**Prompt**:
What you return must match the data below exactly, minus any pictures.

═════ Dataset excerpt ═════

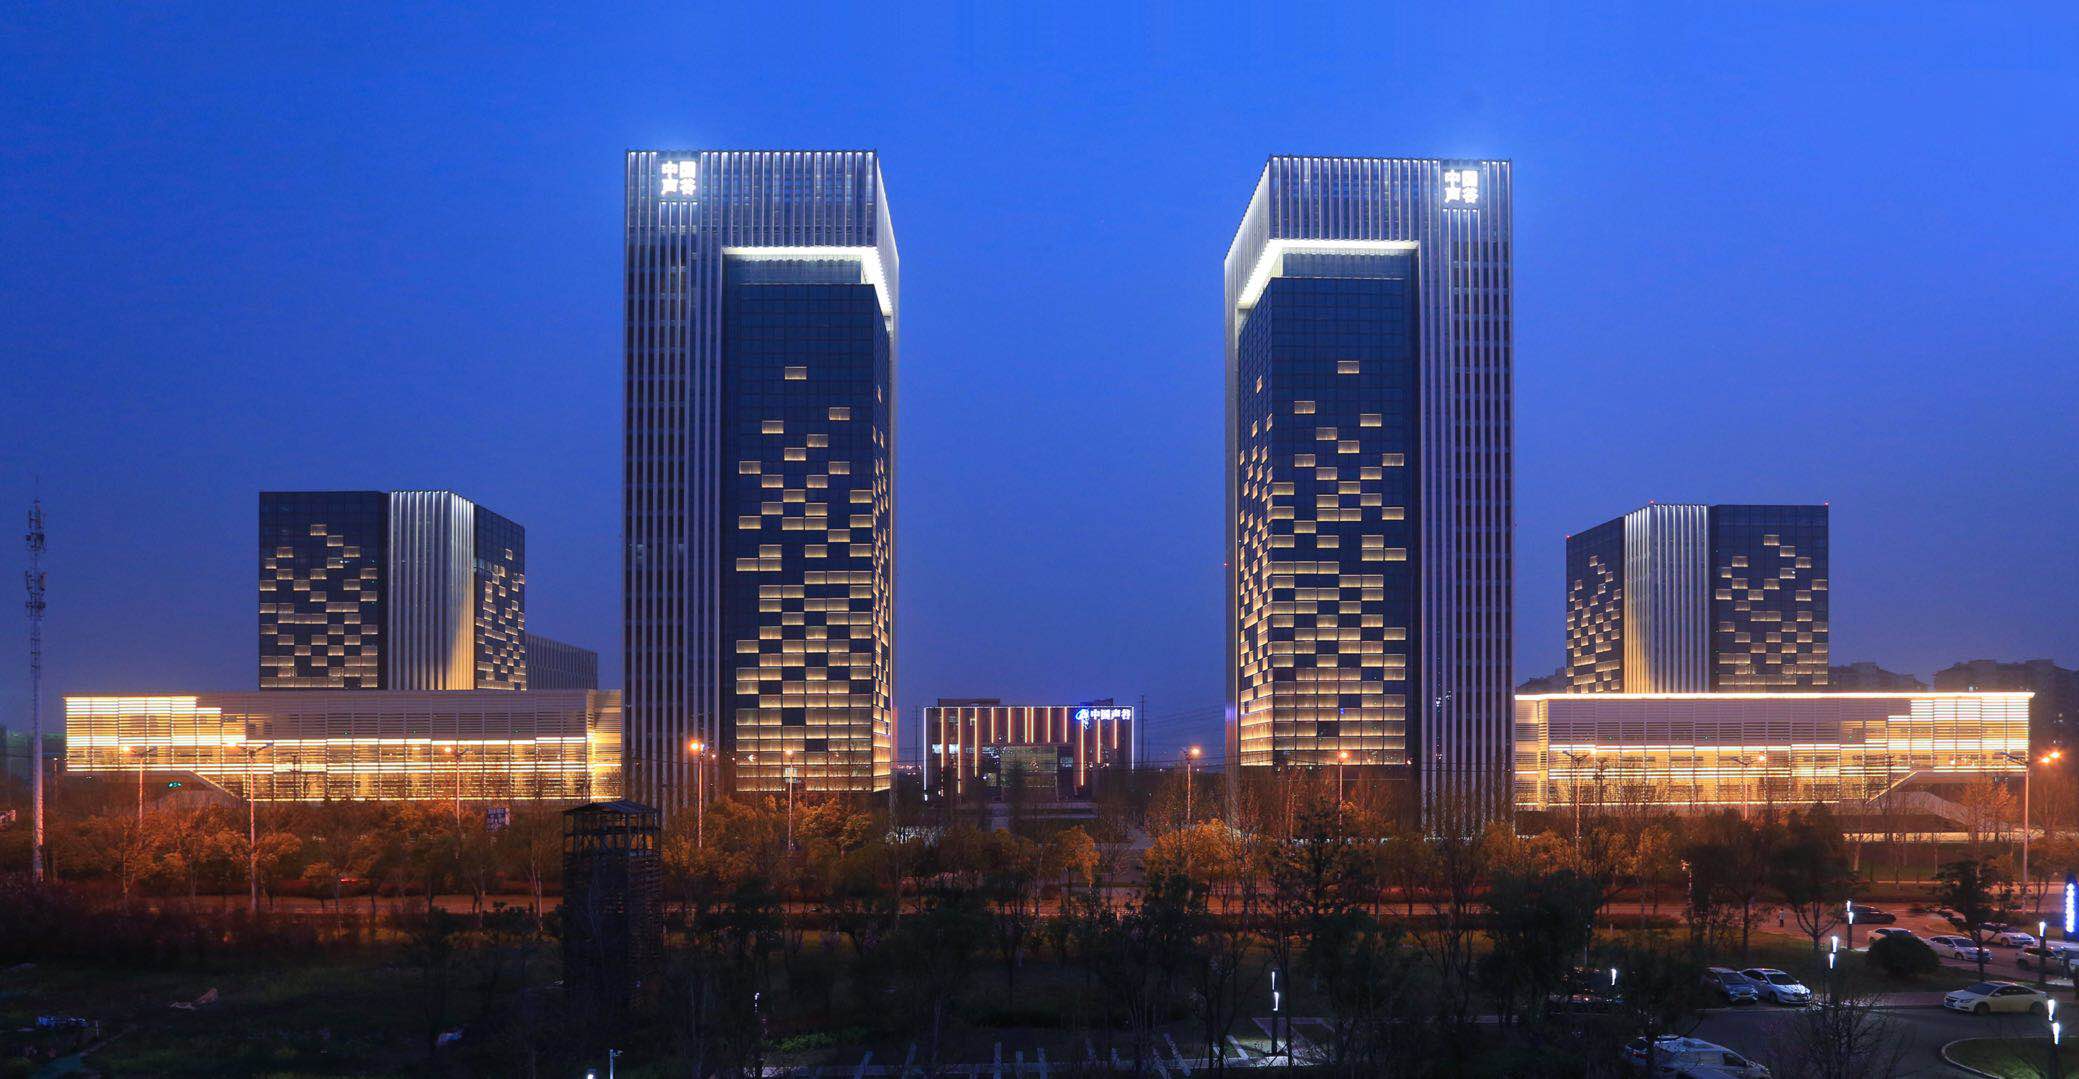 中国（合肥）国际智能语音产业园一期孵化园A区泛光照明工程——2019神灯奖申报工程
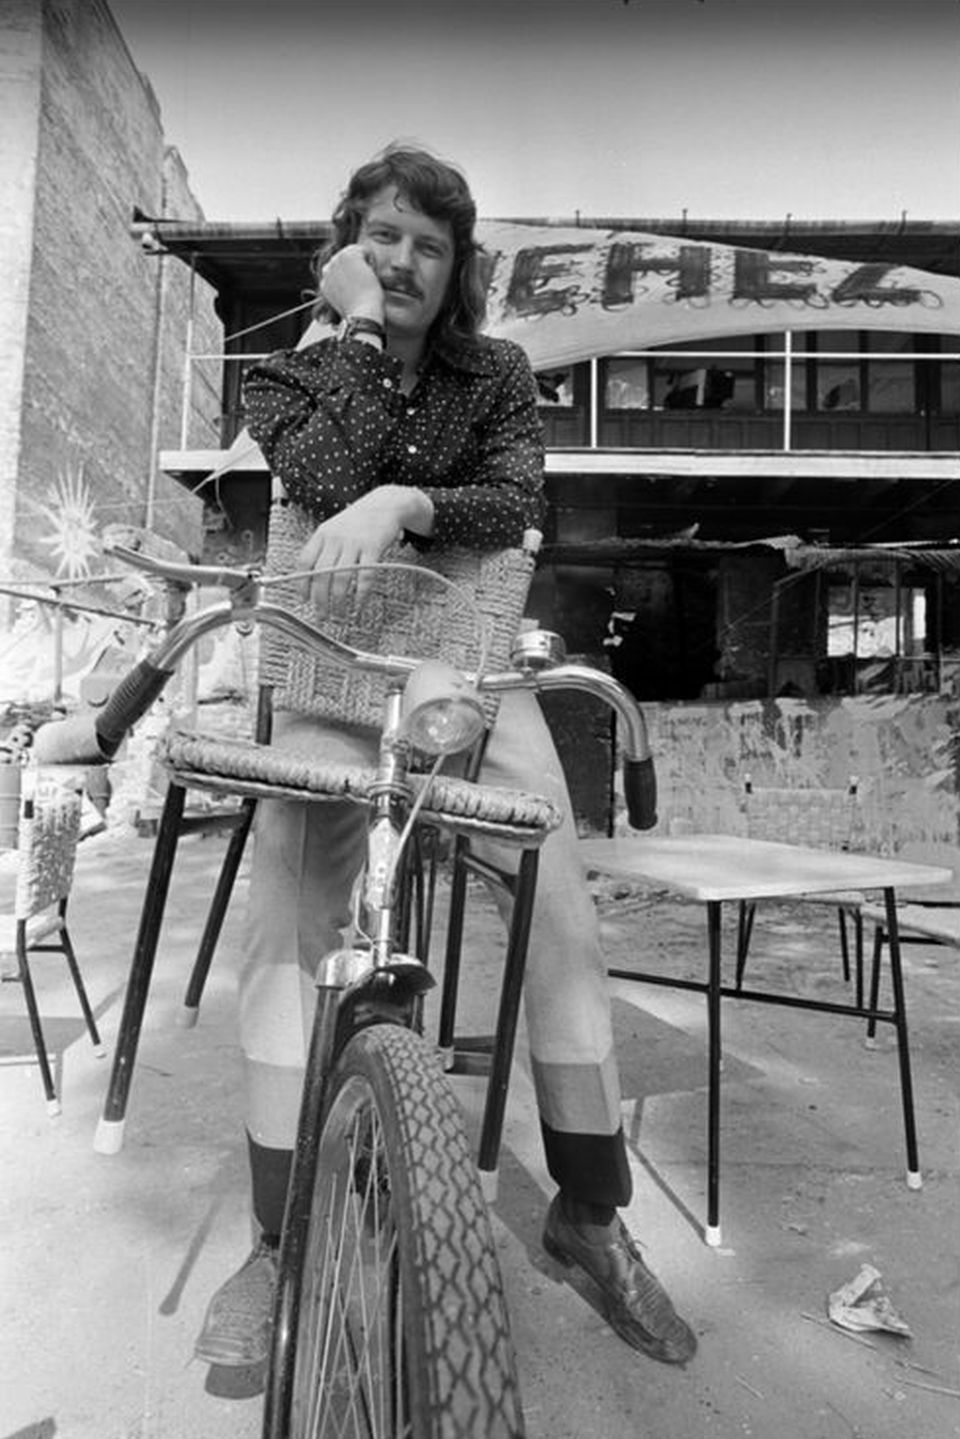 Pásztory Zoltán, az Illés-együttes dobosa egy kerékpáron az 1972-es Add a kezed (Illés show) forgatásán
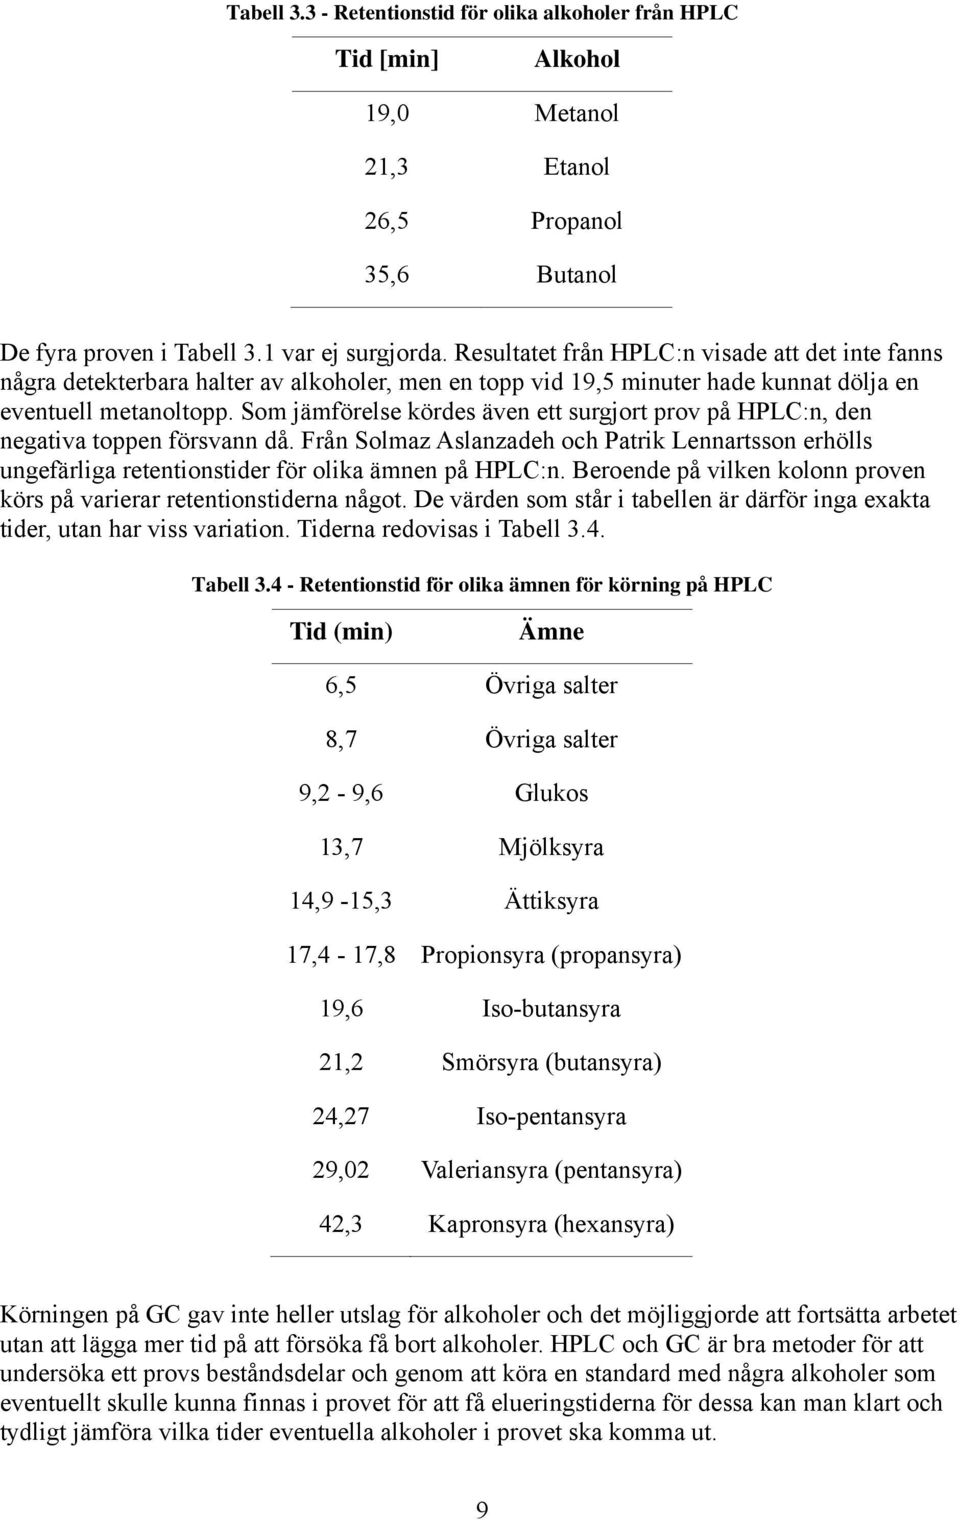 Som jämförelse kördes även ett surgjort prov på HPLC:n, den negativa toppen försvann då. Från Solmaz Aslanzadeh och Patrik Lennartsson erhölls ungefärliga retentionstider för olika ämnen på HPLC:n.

═════

**Completed exercise**:
 中国（合肥）国际智能语音产业园一期孵化园A区泛光照明工程——2019神灯奖申报工程
 Pásztory Zoltán, az Illés-együttes dobosa egy kerékpáron az 1972-es Add a kezed (Illés show) forgatásán
 Som jämförelse kördes även ett surgjort prov på HPLC:n, den negativa toppen försvann då. Från Solmaz Aslanzadeh och Patrik Lennartsson erhölls ungefärliga retentionstider för olika ämnen på HPLC:n.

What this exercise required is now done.